Everyone on the back porch was by that time quite drunk and their voices had become loud and a little quarrelsome. A small boy, a little bully who had been causing a great deal of unhappiness among the younger children, came screaming up from the barnyard where he had been chased but unfortunately not eaten by an old sow. Maw sent Elwin to fetch Mr. Kettle from the barn and we all filed out to the porch for supper.

When everyone was seated, I suggested that we sing
Happy Birthday
. This was a mistake, I realized too late, for they followed
Happy Birthday
with
Show Me The Way to Go Home
and the dirty version of
Little Red Wing
. Maw interrupted this last by banging on the table with her fork and demanding quiet. Everyone cheered and said, "At's tellin' 'em Maw!" and began passing food. Elwin had said that Paw would be right up, but we were well into the ice cream before he finally appeared. To protect him from the flies he had put on and pulled far down over his eyes, a black straw hat of Mrs. Kettle's. From its crown bobbed a large pink rose.
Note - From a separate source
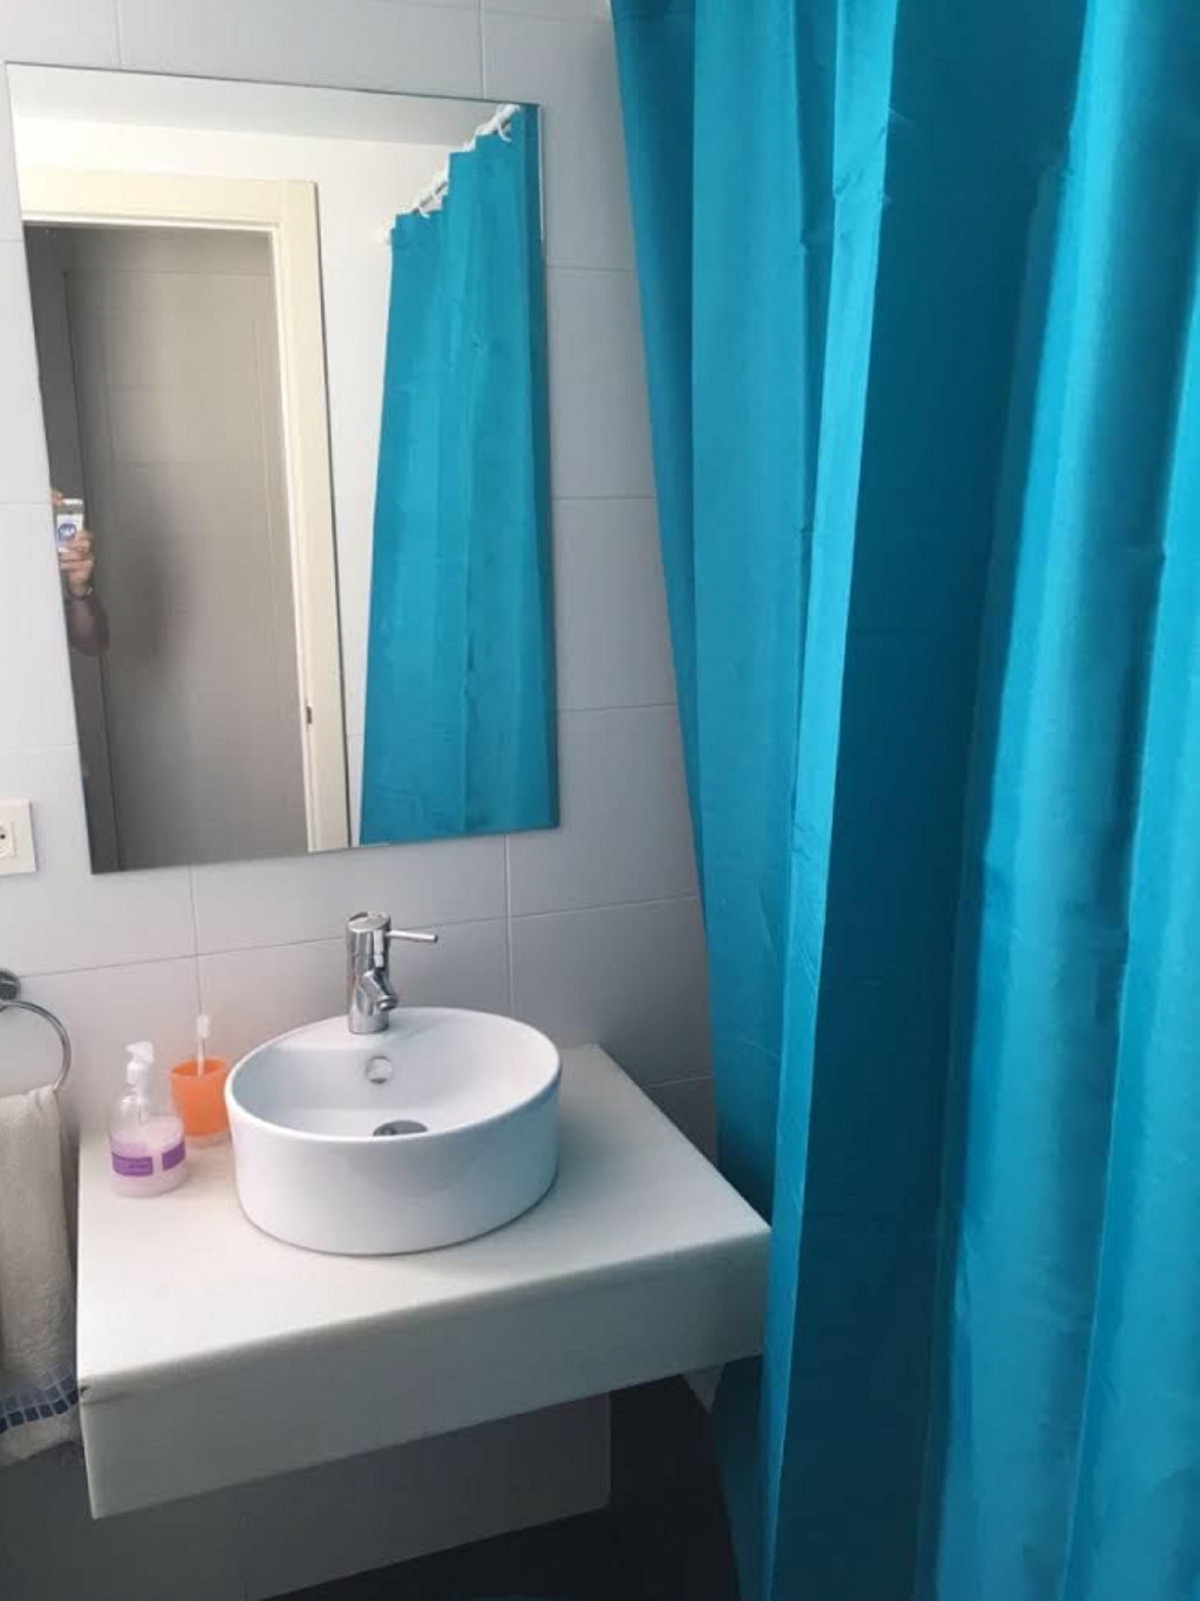 3 bedroom Apartment For Sale in Valle Romano, Málaga - thumb 6

To shield him from draughts he had thrust his arms into a jade green knitted coat dress with a full pleated skirt. The skirt must have interfered with the milking for he had taken a deep hem in it with horse blanket pins, giving the effect of a ballet skirt. He also wore a black work shirt, dungarees, and hip boots and was smoking a cigar. Choking in an effort to control my laughter until the others had seen the joke, I glanced at Bob, but he shook his head at me warningly. Amazed, I looked around the table—not one soul seemed to think there was anything unusual in Paw's dress. He clumped around the table, smiling happily at everyone, climbed into the chair beside Mrs. Kettle by swinging one manurey boot carelessly over that end of the table, and she said only, "You've took so long with the milking your coffee's cold, Paw. Helen, this here's the knitted dress Myrt sent me from New York. Ugly color ain't it?"

After supper the men returned to the back porch, we women put the food away and washed the dishes, and Bob and I left just as a sizable fight started over who had stolen what from whose car. The cake was a great success.

We seldom went to the movies for two very sound reasons: 1. It meant driving from seventy to one hundred miles. 2. We had to get up at four o'clock the next morning. In addition to these, Bob complained that his legs were too long for comfort in any theatre seat; he always slept through everything but the news; and I became so biased that no matter how melodramatic the plot, I watched only to see if the heroine did any work or if she seemed to have all of the conveniences of modern life. If she didn't work and seemed to have plenty of opportunity to take big hot steamy fragrant baths, I lost all interest in the plot. Under such circumstances who gave a damn who got the man.

I will go to a fair any time. A fair to me is the ultimate in entertainment. Something of interest for everyone, all the time in the world to enjoy it, and so many delightful smells—popcorn, coffee, molasses candy and wet sawdust. For years our family had made an all-day visit to the Western Washington Fair at Puyallup but we treated the trip purely as entertainment. We had no active part in it and we paid no attention to prize ribbons other than in the flower department where Mother forced us to wait while she bought bulbs and seeds.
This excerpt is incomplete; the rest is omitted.